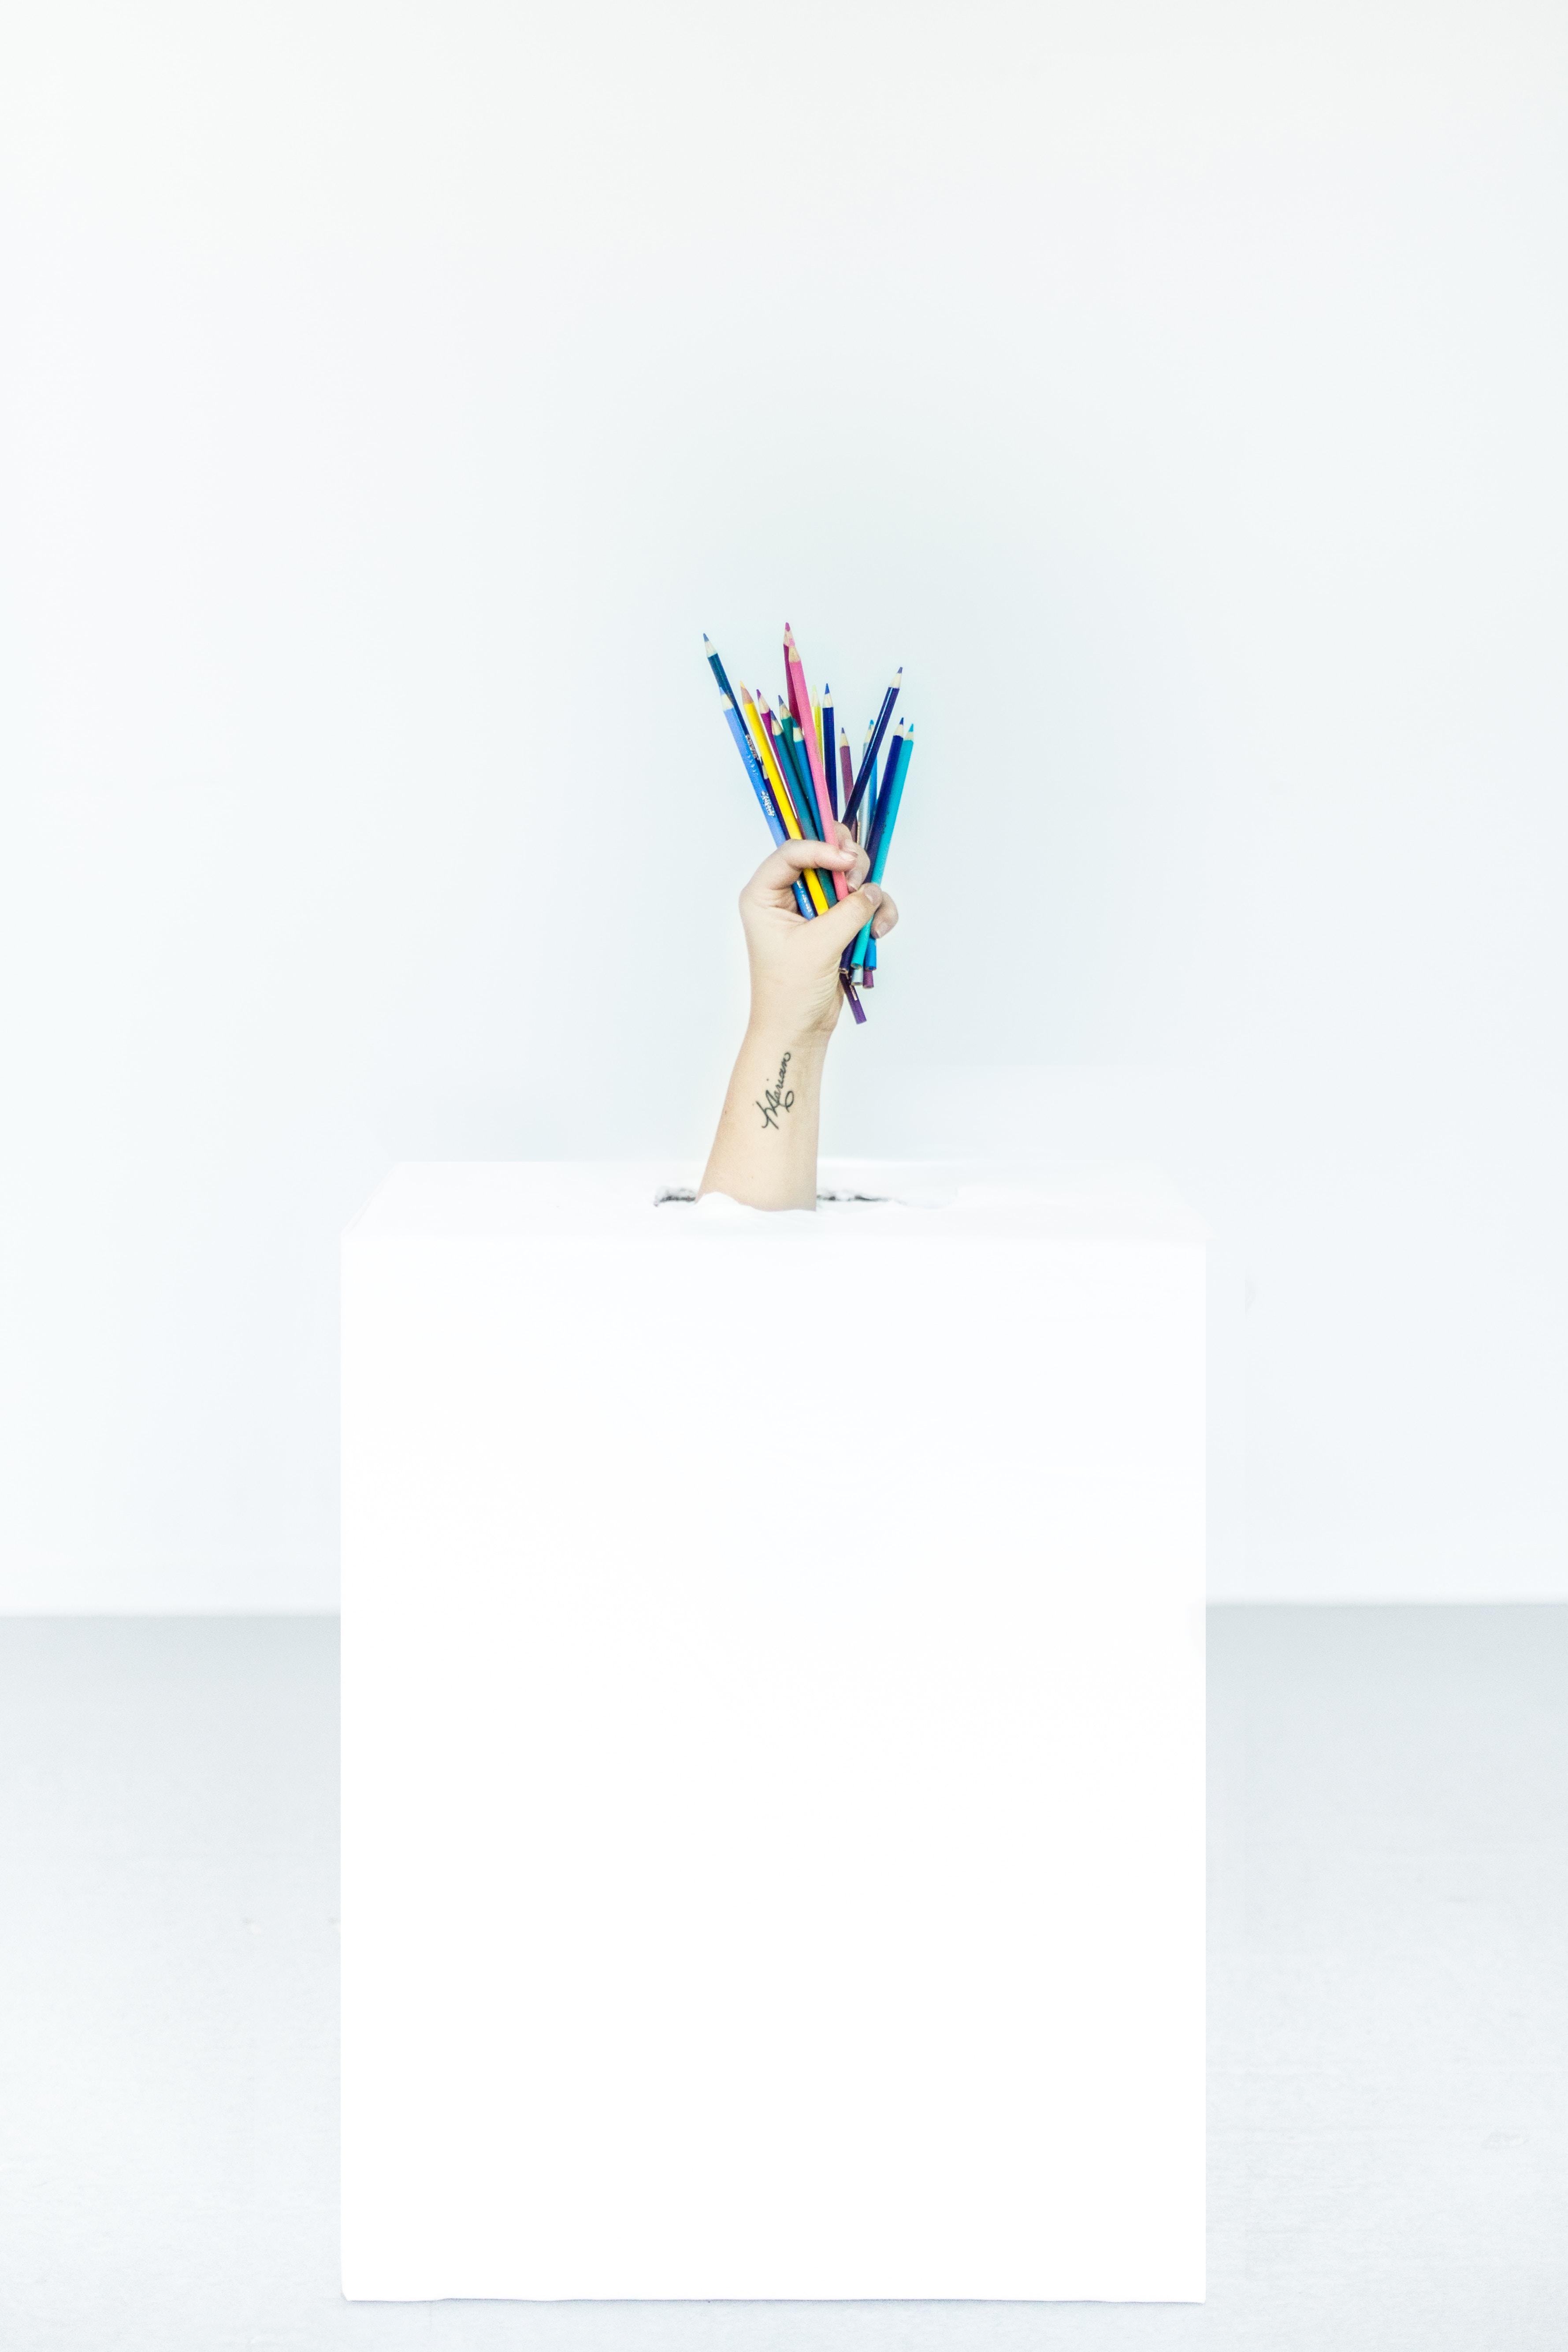 《设计冲刺:谷歌风投如何5天完成产品迭代》——星期二:写写画画,每个人都贡献点子,想出解决方案
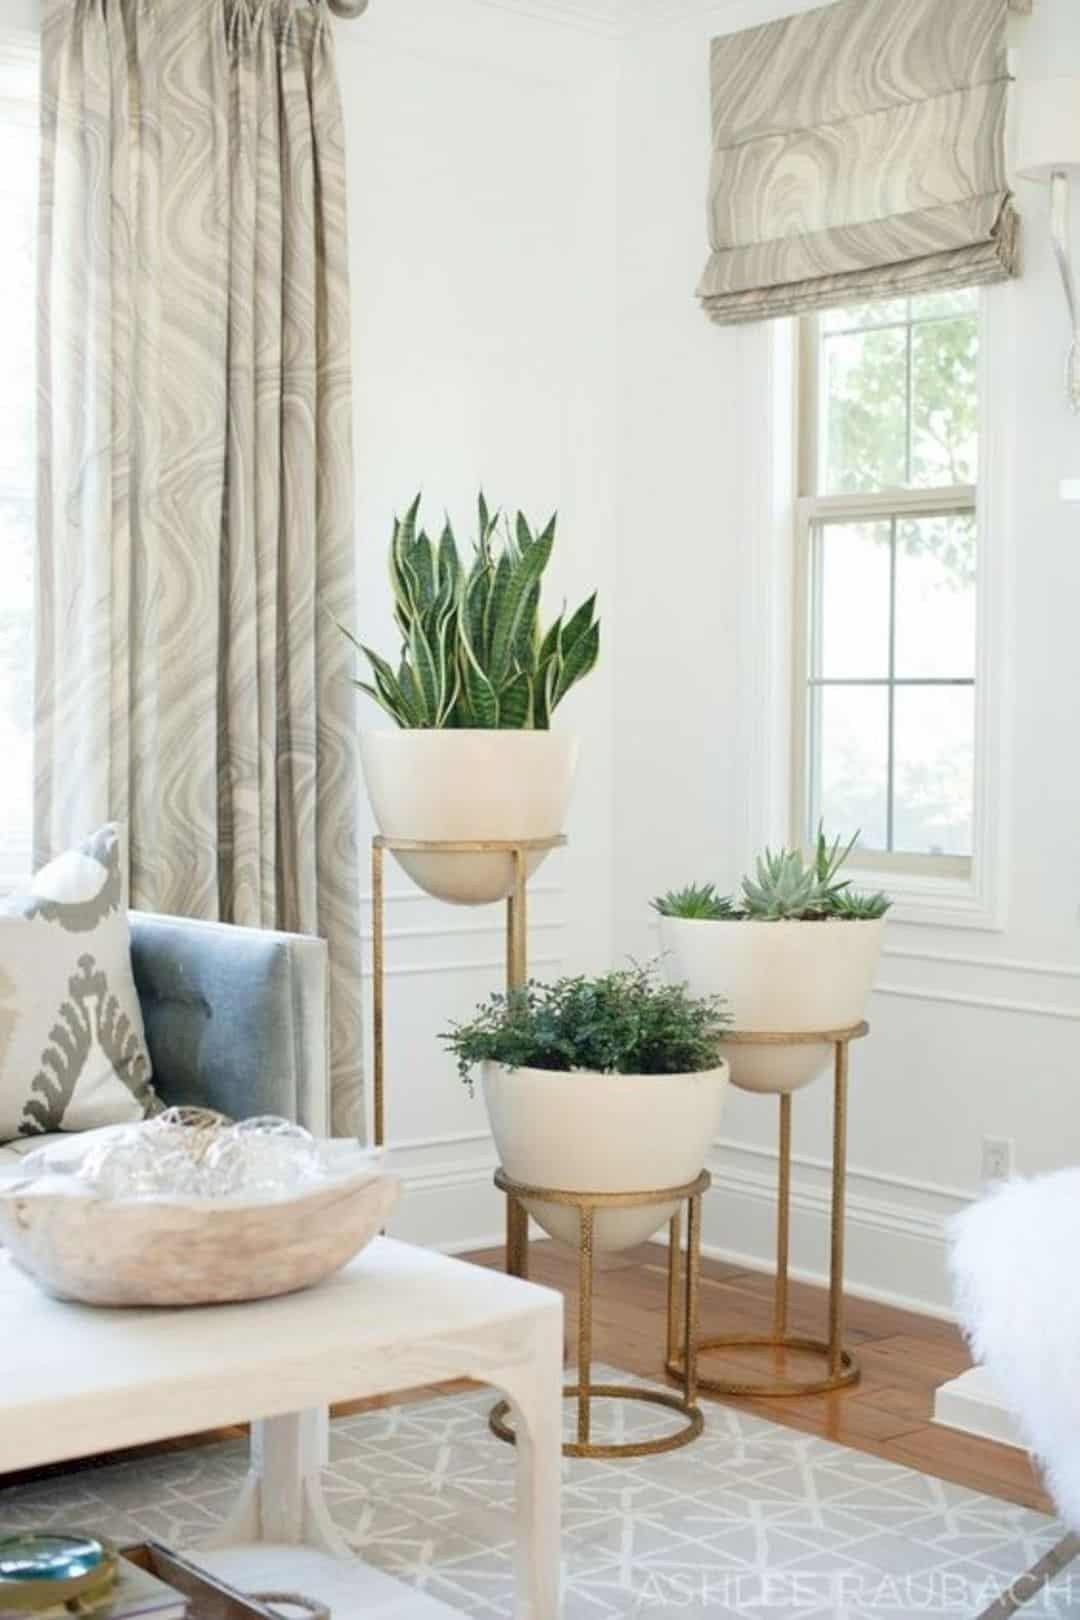 Small Living Room Decor Ideas 18 Home Decor Ideas for Small Living Room
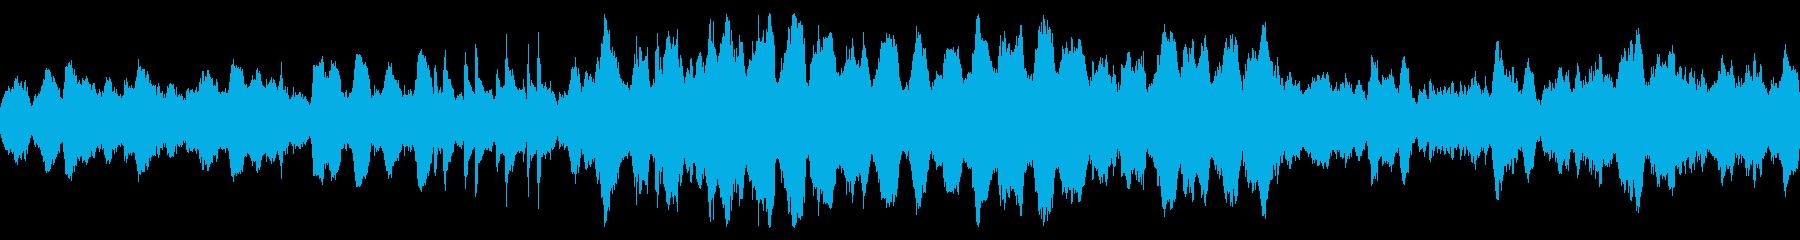 旧版RPG向けオーケストラ曲『夜空』の再生済みの波形

-=-=-=-=-

Hand back the data above exactly, with no images.

 《设计冲刺:谷歌风投如何5天完成产品迭代》——星期二:写写画画,每个人都贡献点子,想出解决方案
 Small Living Room Decor Ideas 18 Home Decor Ideas for Small Living Room
 旧版RPG向けオーケストラ曲『夜空』の再生済みの波形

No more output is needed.